**Task prompt:** Please transcribe exactly the lines from the line holding "Gastronomia durante la" through the end of the data below, and skip any pictures.

**Supplied data:**
════════════════
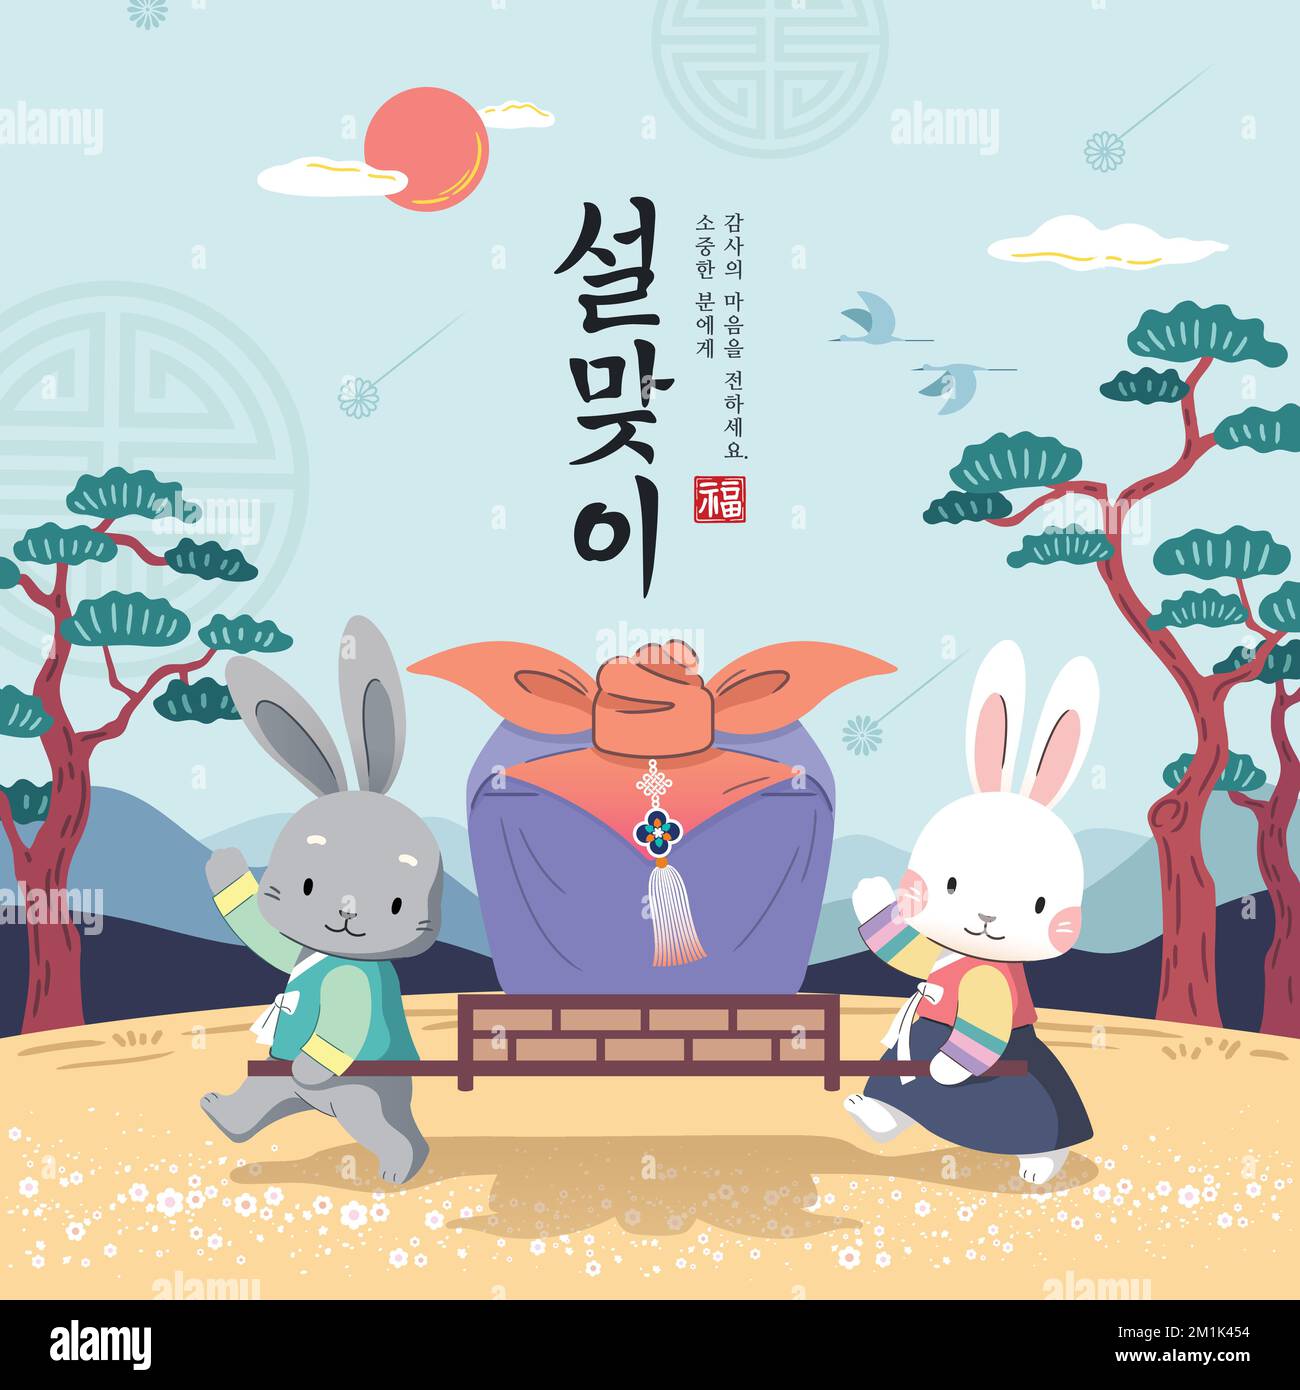 Design der koreanischen Neujahrsveranstaltung. Zur Feier des Jahres des Hasen tragen die in hanbok gekleideten Kaninchen traditionelle Geschenke. Stock Vektor
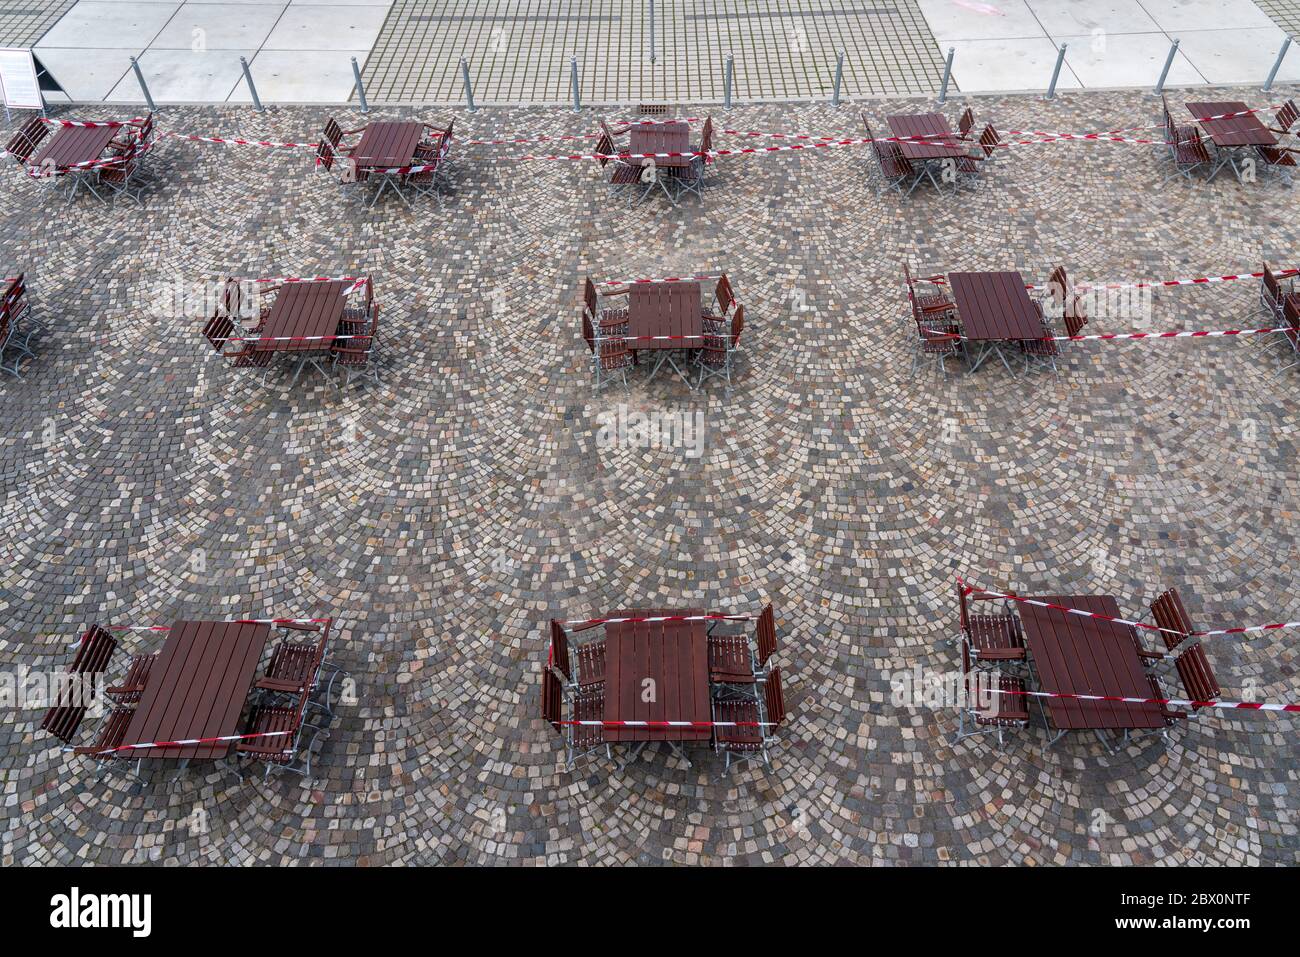 Gastronomia durante la crisi della corona, tavoli chiusi in birreria all'aperto, Essen, zona della Ruhr, NRW, Germania Foto Stock
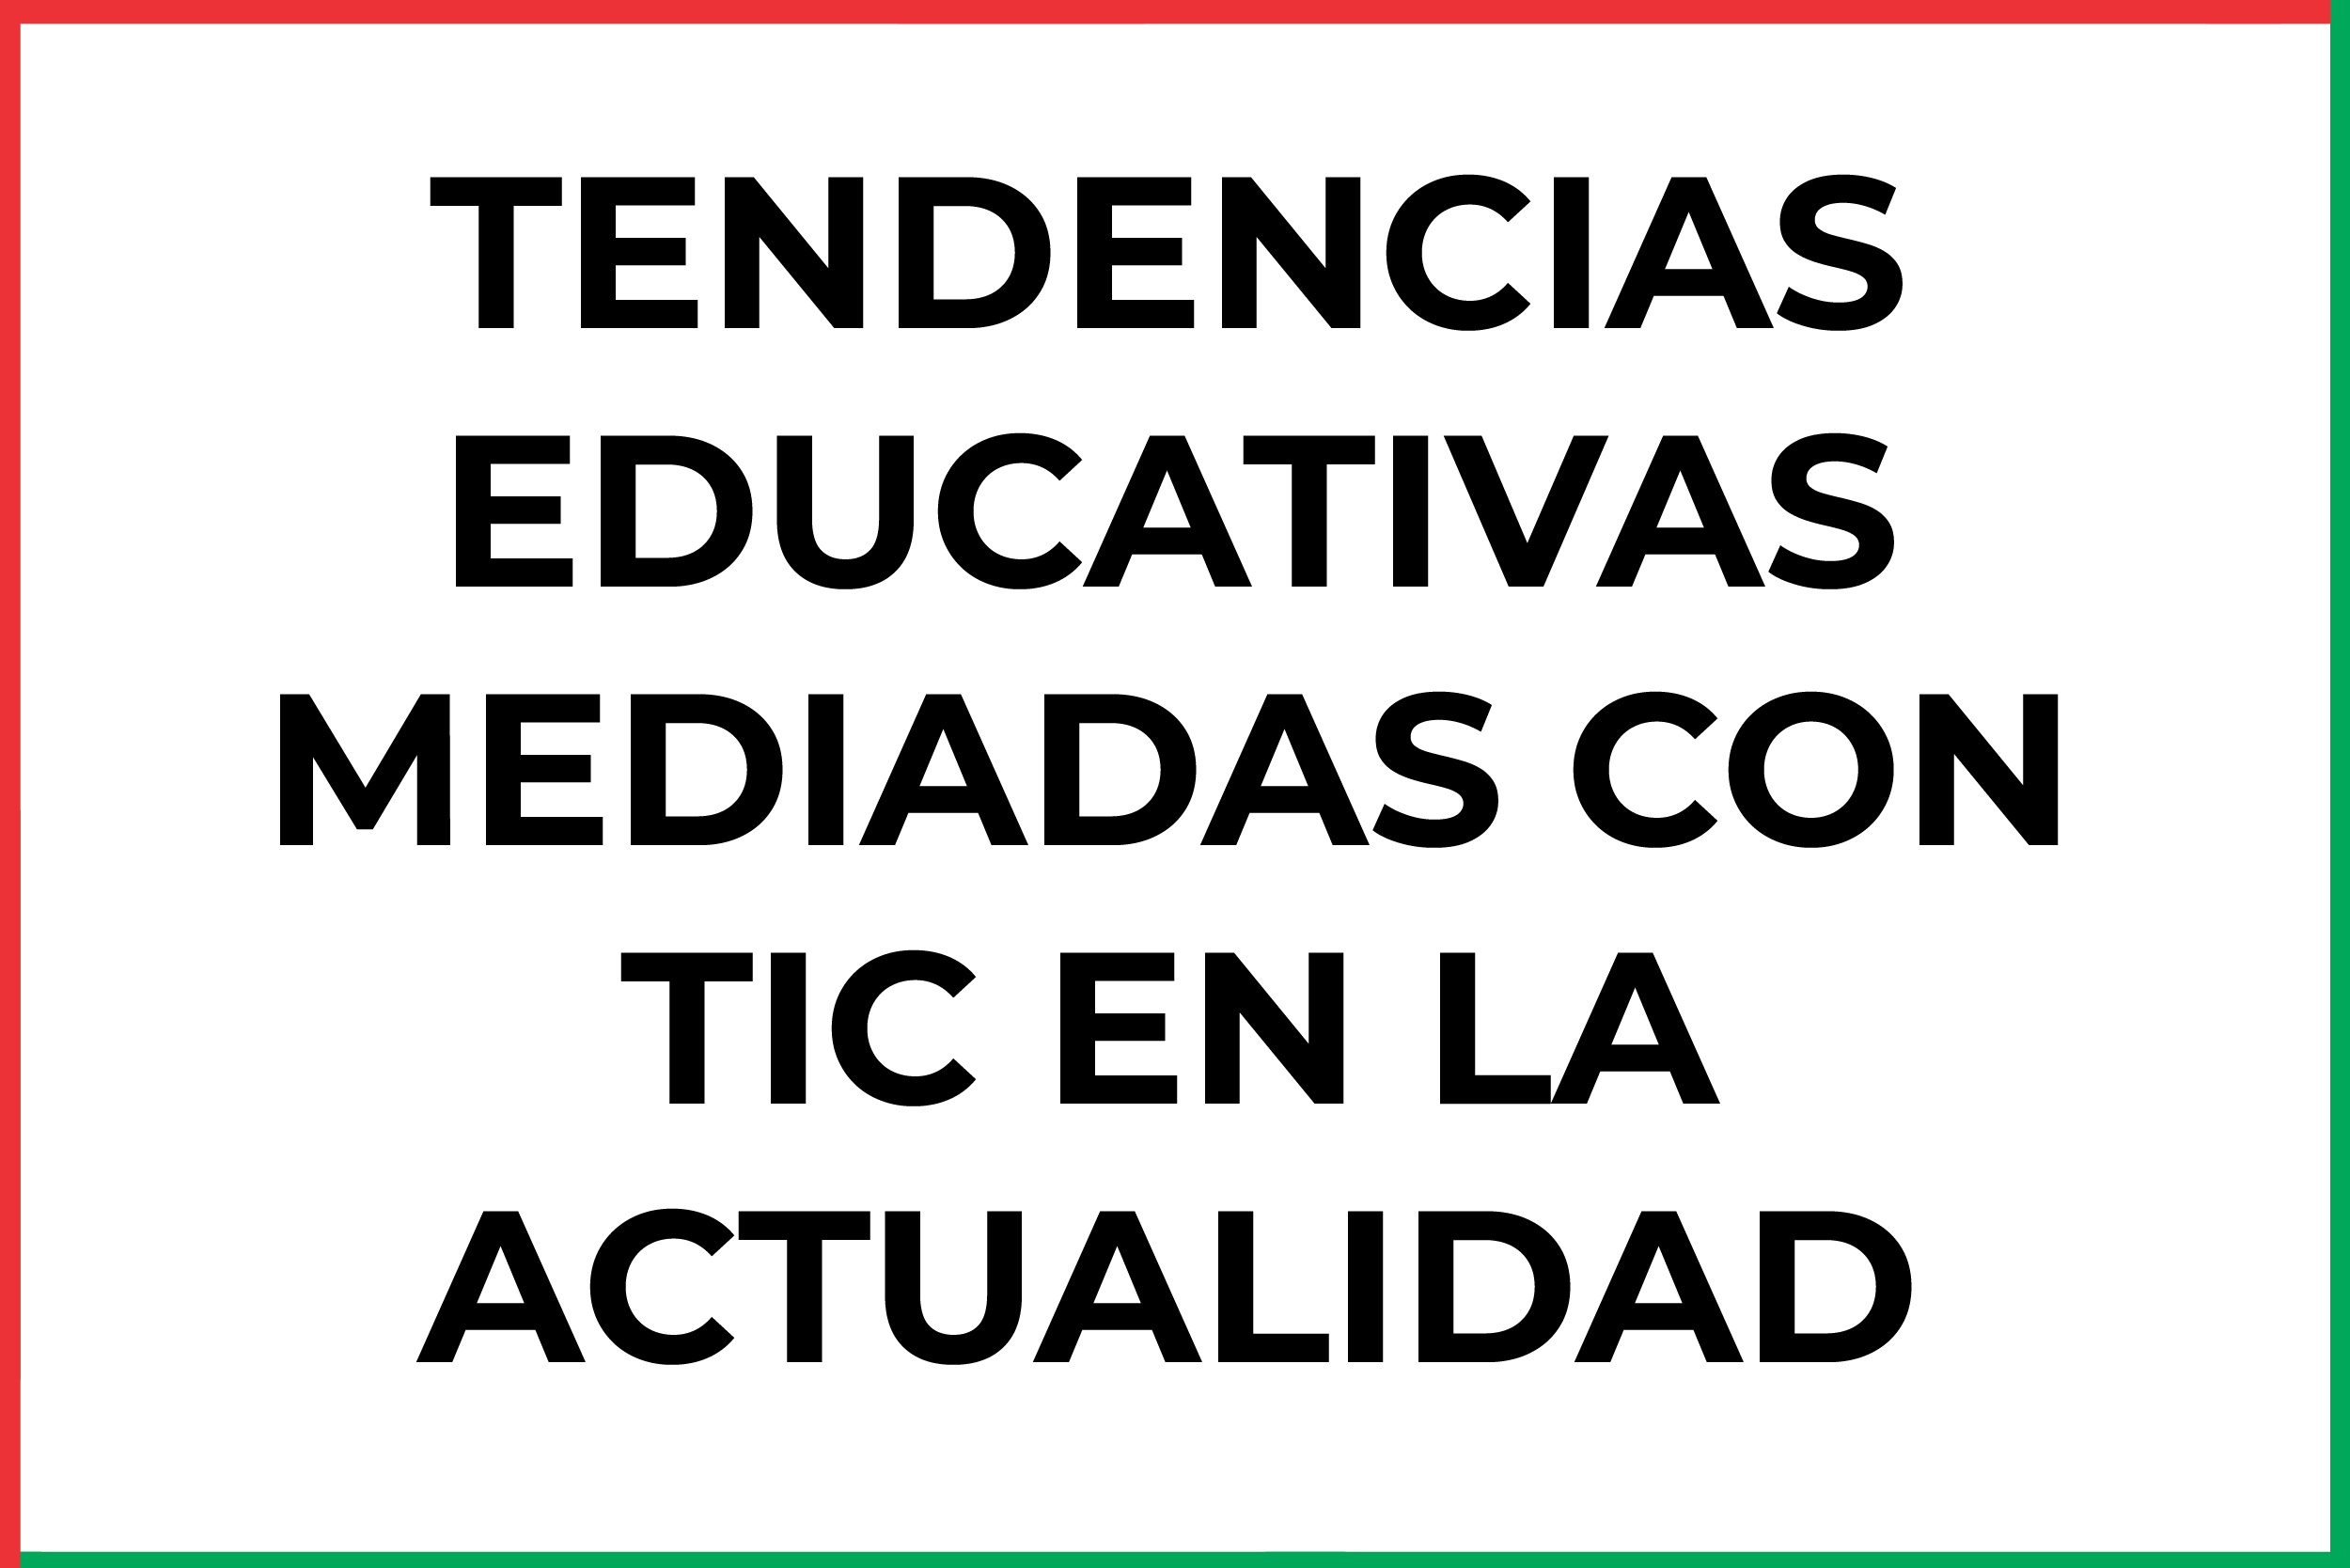 TENDENCIAS EDUCATIVAS MEDIADAS CON TIC EN LA ACTUALIDAD
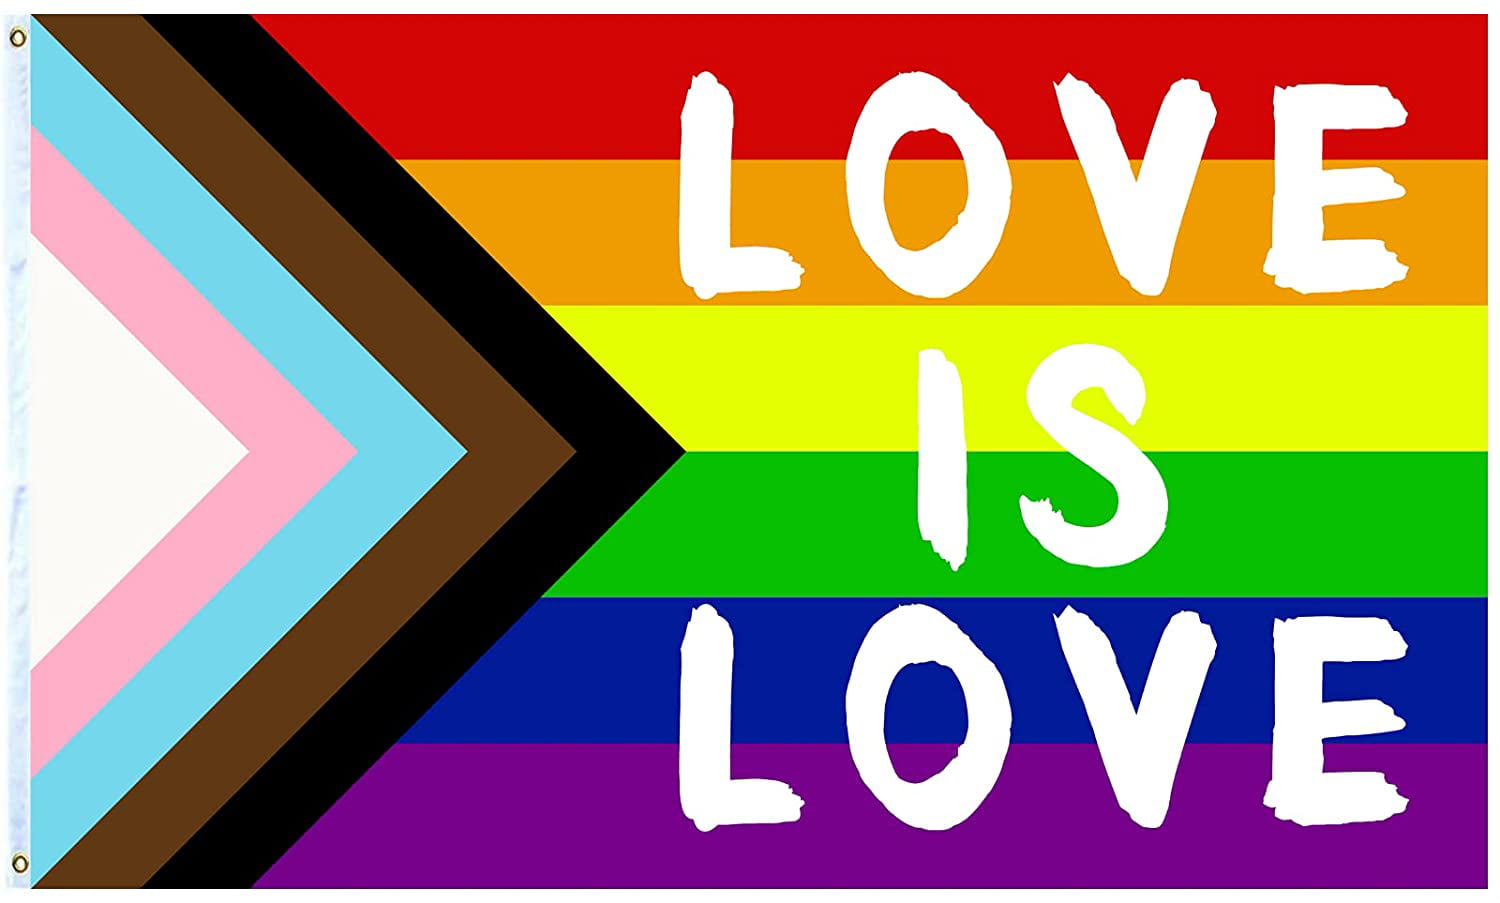 transgender gay pride flag
════════════════
**Exercise response:**
 Gastronomia durante la crisi della corona, tavoli chiusi in birreria all'aperto, Essen, zona della Ruhr, NRW, Germania Foto Stock
 TENDENCIAS EDUCATIVAS MEDIADAS CON TIC EN LA ACTUALIDAD
 transgender gay pride flag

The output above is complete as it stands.